CodeSemBench is a proposal for a collaborative benchmark designed to test how well current code language models can perform in reasoning about programs.
The CodeSemBench benchmark consists of a set of tasks, where each task is designed to test a specific kind of semantic reasoning, e.g., one task might test alias analysis in C. Each task contain a set of programs that we want the models to analyze, as well as the correct results of the analyzer.
The overall structure of this repository is inspired by the BIG-bench repository. Each task is represented as a subdirectory in this repository, so the set of programs in the benchmark are be version controlled.
To run the benchmark tasks, use this command line:
python api/evaluation_suite.py \
--task_directory=tasks/ \
--output_directory=$HOME/codesembench_output/
This will output the evaluation metrics for each task into the output directory in JSON and Markdown format.
To add a new task, create a directory in the tasks/
directory with the name of
the task. Add a meta-data file, as described in the task metadata section,
below.
For a per file task, each data point in a benchmark is a program where that we want to run an analysis one, and where we know the correct answer. Create one file for each program that you want to include in the task, and then a different file for the correct answer. Right now, the evaluation running is set up for zero-shot prompts, i.e., each program contains a comment at the top indicating what program analysis the LLM would do. It shouldn't be too hard to extend the framework to support LLMs that prefer few shot prompts.
The test runner code will look for all subdirectories in the tasks
directory
that contain a metadata file, and create one evaluation task for each metadata
file that it finds.
TODO: The loading framework can be extended pretty easily to handle tasks where
each program takes up multiple files. This would require creating a new subclass
of Program
and of Task
in api.task_lib
, as well as creating functions in
task_loader
to be able to load such programs.
As far as possible, it is a good to make sure tasks rely on a small set of
evaluation metrics, like precision and recall. This way it is easier to average
together scores on the benchmark tasks into a single macro-score. Currently
supported metrics are listed in metrics.py
.
Each task should contain a file called metadata.json
, which provides the
information that the evaluation runner needs to load and evaluate the models on
the task. This file should contain a single dictionary with the following keys
(keys are all strings):
- "name": A string name for the task.
- "description": A short string describing what the task measures and why it is important, e.g., "Simple programs to list the aliases of a variable in C.",
- "language": What programming language is primarily tested. This must be one
of the keys of the
task_lib.Language
enum. - "authors": String describing author names and POC for questions.

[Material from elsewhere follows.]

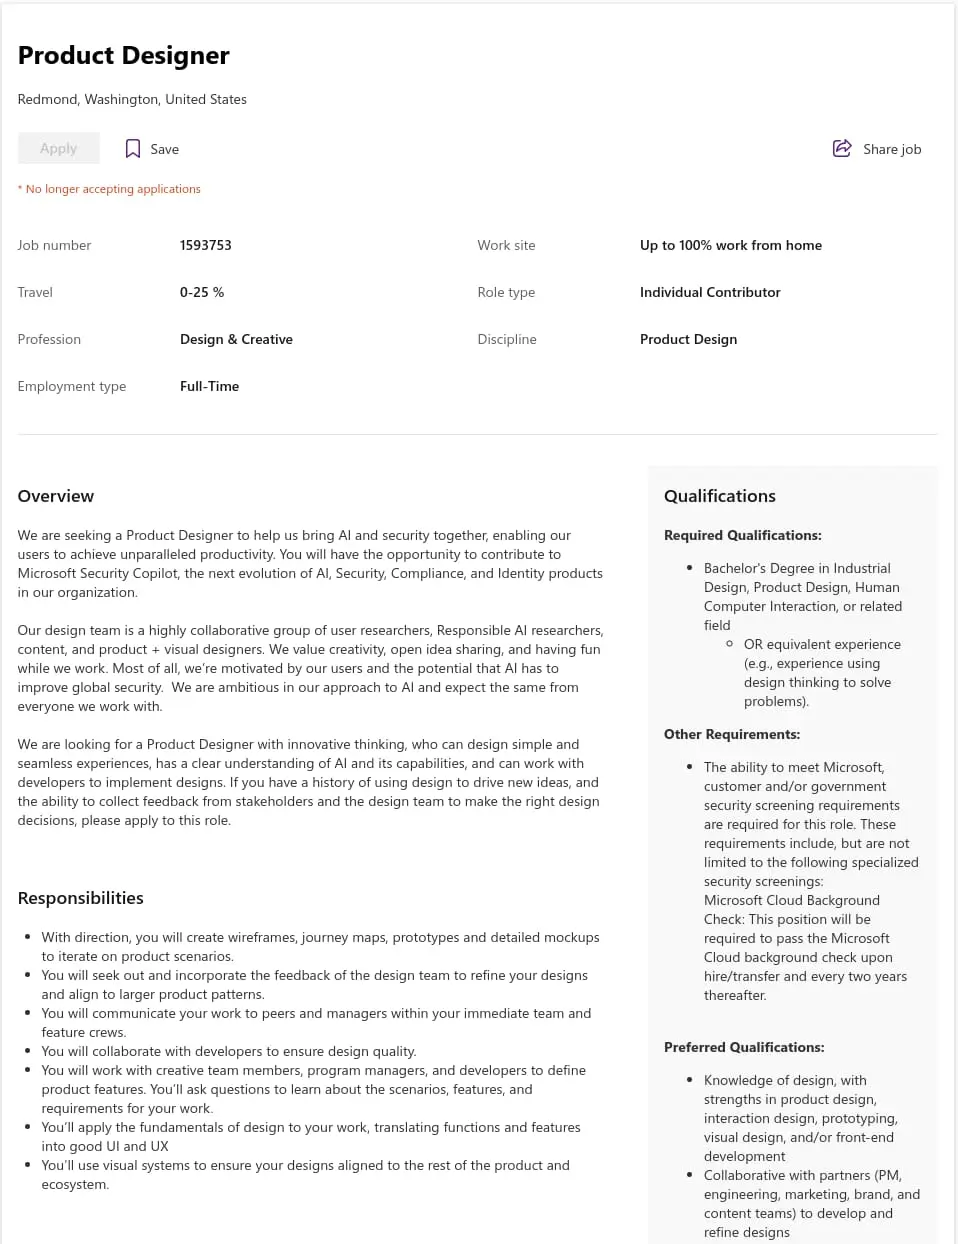 a job ad for a product designer career path

- "output_type": The Python type of the correct answer. e.g., if the outputs
are a list of variable names that escape a function, then this would be
List[str]
. - "metric": What evaluation metric should be called on the results. This must
be one of the members of the
metrics.EvaluationMetrics
enum. - "tags": (list of strings) A list of freeform tags. It is intended that these tags could be used for organizing an automatically-generated report.

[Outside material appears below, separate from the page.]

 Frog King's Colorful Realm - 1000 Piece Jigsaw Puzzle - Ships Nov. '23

- "benchmark_type": A string describing the "type" of benchmark, which
determines how programs are read from disk. This should be one of the
entries of the
task_lib.TaskType
enum.
Per file benchmarks are those where every program in the task is contained in a single file, and the answer is also read from a single file. These benchmarks use the following additional metadata fields:
- "file_glob": All files that match this glob will be treated as files in the task.
- "gold_answer_pattern": Python f-string. For each program in the task, the file name will be fed to this f-string to come up with the file name for the correct solution to that task.